Training model on different data set: some issues & fixes

nbharatula · October 29, 2018, 11:24pm

So, I managed to setup my GCP server and go through Lesson 1. Today I’m trying to download my own data set to create a training model using that. I’m following the instructions in the downloadimages notebook. Successfully downloaded two sets (got some content_length error but ignoring that for now), but for the third set, the download_images function always gets stuck close to 98% done and I’m unable to run any more commands after that. Like here:

11%20PM

Anyone else face this? Any tips to move past this?

PS: also, can I ignore the content_length error? I notice its on few files, and basically results in downloading lesser than 200 files… I’m guessing its ok for now.

lesscomfortable · October 29, 2018, 11:45pm

Can you send a screenshot of what error you are getting with ‘content_length’? Are you getting this error only in the last images?

It is normal that you actually download less than the 200 images since some images cannot be downloaded or cannot be opened and these we are not interested in keeping.

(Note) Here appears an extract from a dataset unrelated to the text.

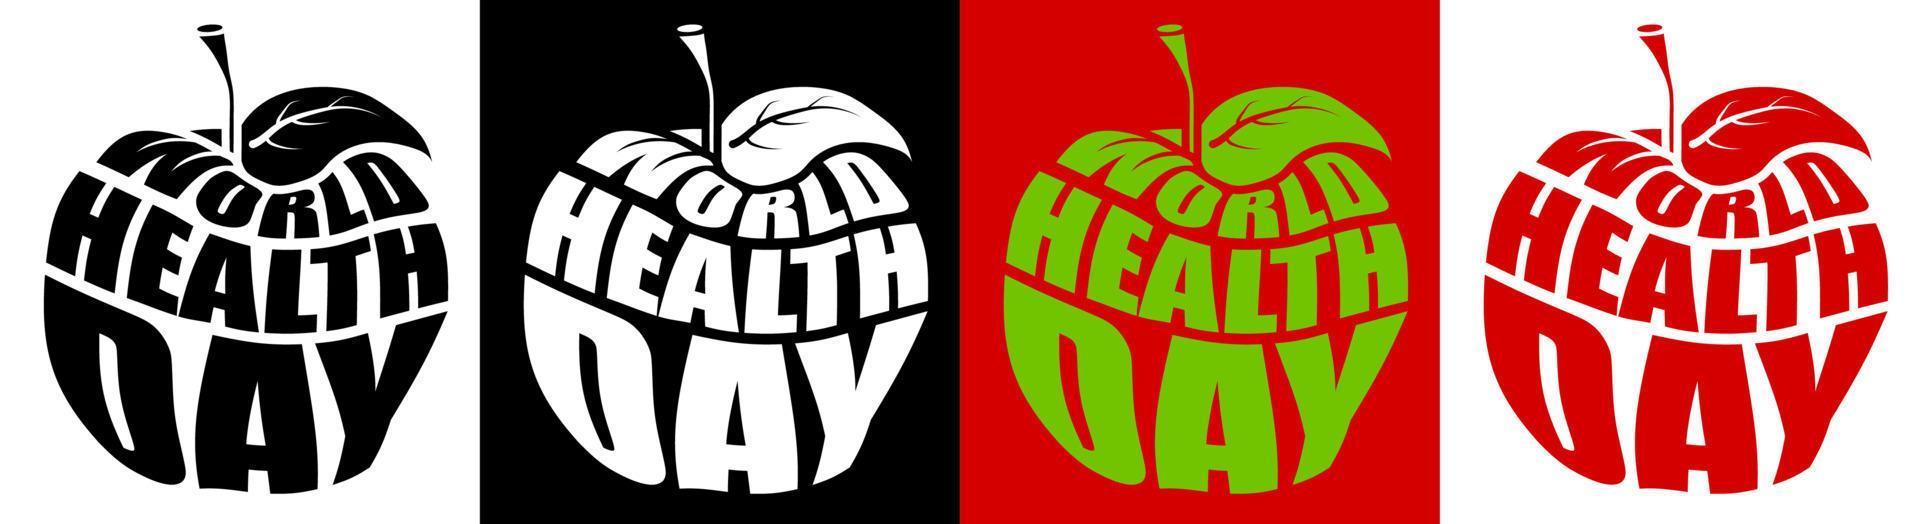 inscrição decorativa do dia mundial da saúde em forma de maçã. letras. estilo de vida saudável e vegetarianismo. vetor
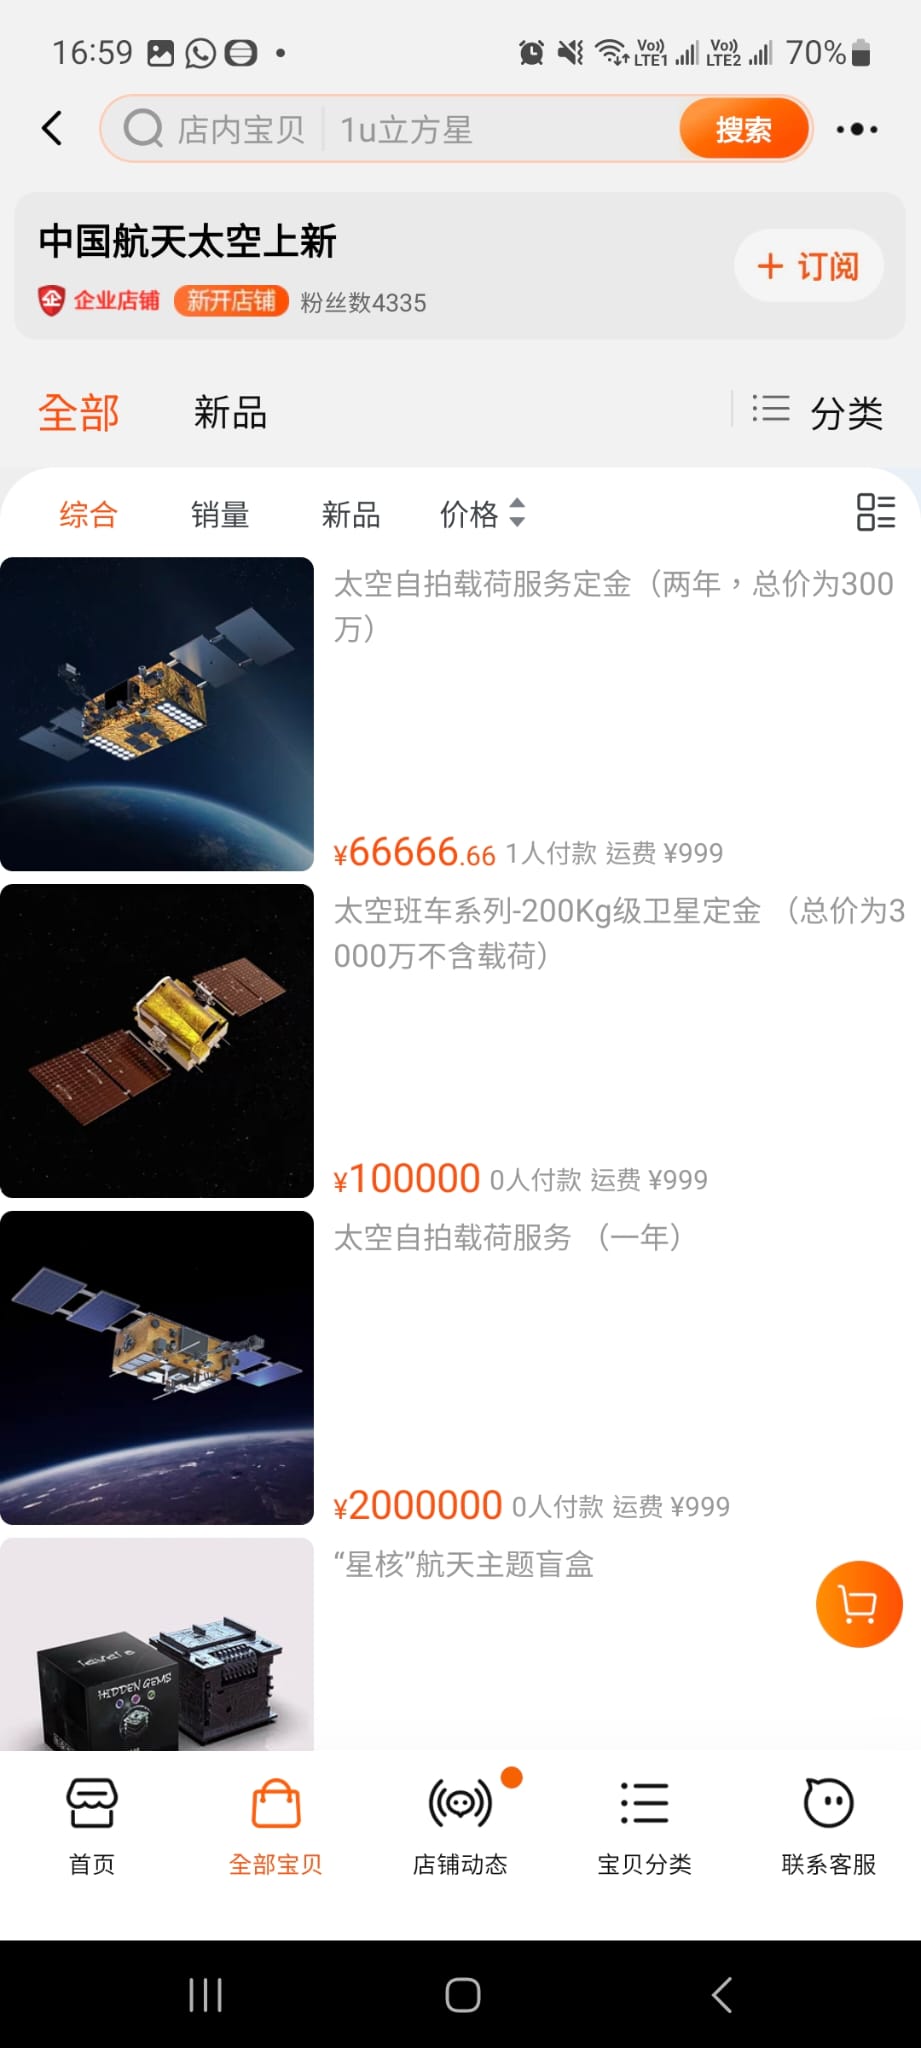 中國航天太空上新淘寶的店舖。

nbharatula · October 29, 2018, 11:47pm

This is what I see:

Also, this time my last set downloaded to 100% but I got a connection reset error as well. Not sure if its due to a bad file in that set or a general connection timeout.

lesscomfortable · October 30, 2018, 12:03am

Yeah, I wouldn’t worry too much about this. These are errors in the downloading of the images. Some images are in servers that have connection problems, other servers respond to HTTP requests (which is what the fastai library is doing behind the scenes with requests.get) with errors (‘content-length’).

These images will not be part of your final dataset since they cannot be downloaded.

nbharatula · October 30, 2018, 12:21am

Ok, thanks. So I’m able to create ‘data’ now and view it too. But the path/‘models’.ls() fails - obviously, because the ‘models’ directory hasn’t been created yet. Did I miss a step somewhere?

Also, the ImageDataBunch.from_folder did not create any train/valid/test folders. Is that expected behavior from that command?

lesscomfortable · October 30, 2018, 12:35am

Where are your running path/‘models’.ls()? I don’t see it in my notebook.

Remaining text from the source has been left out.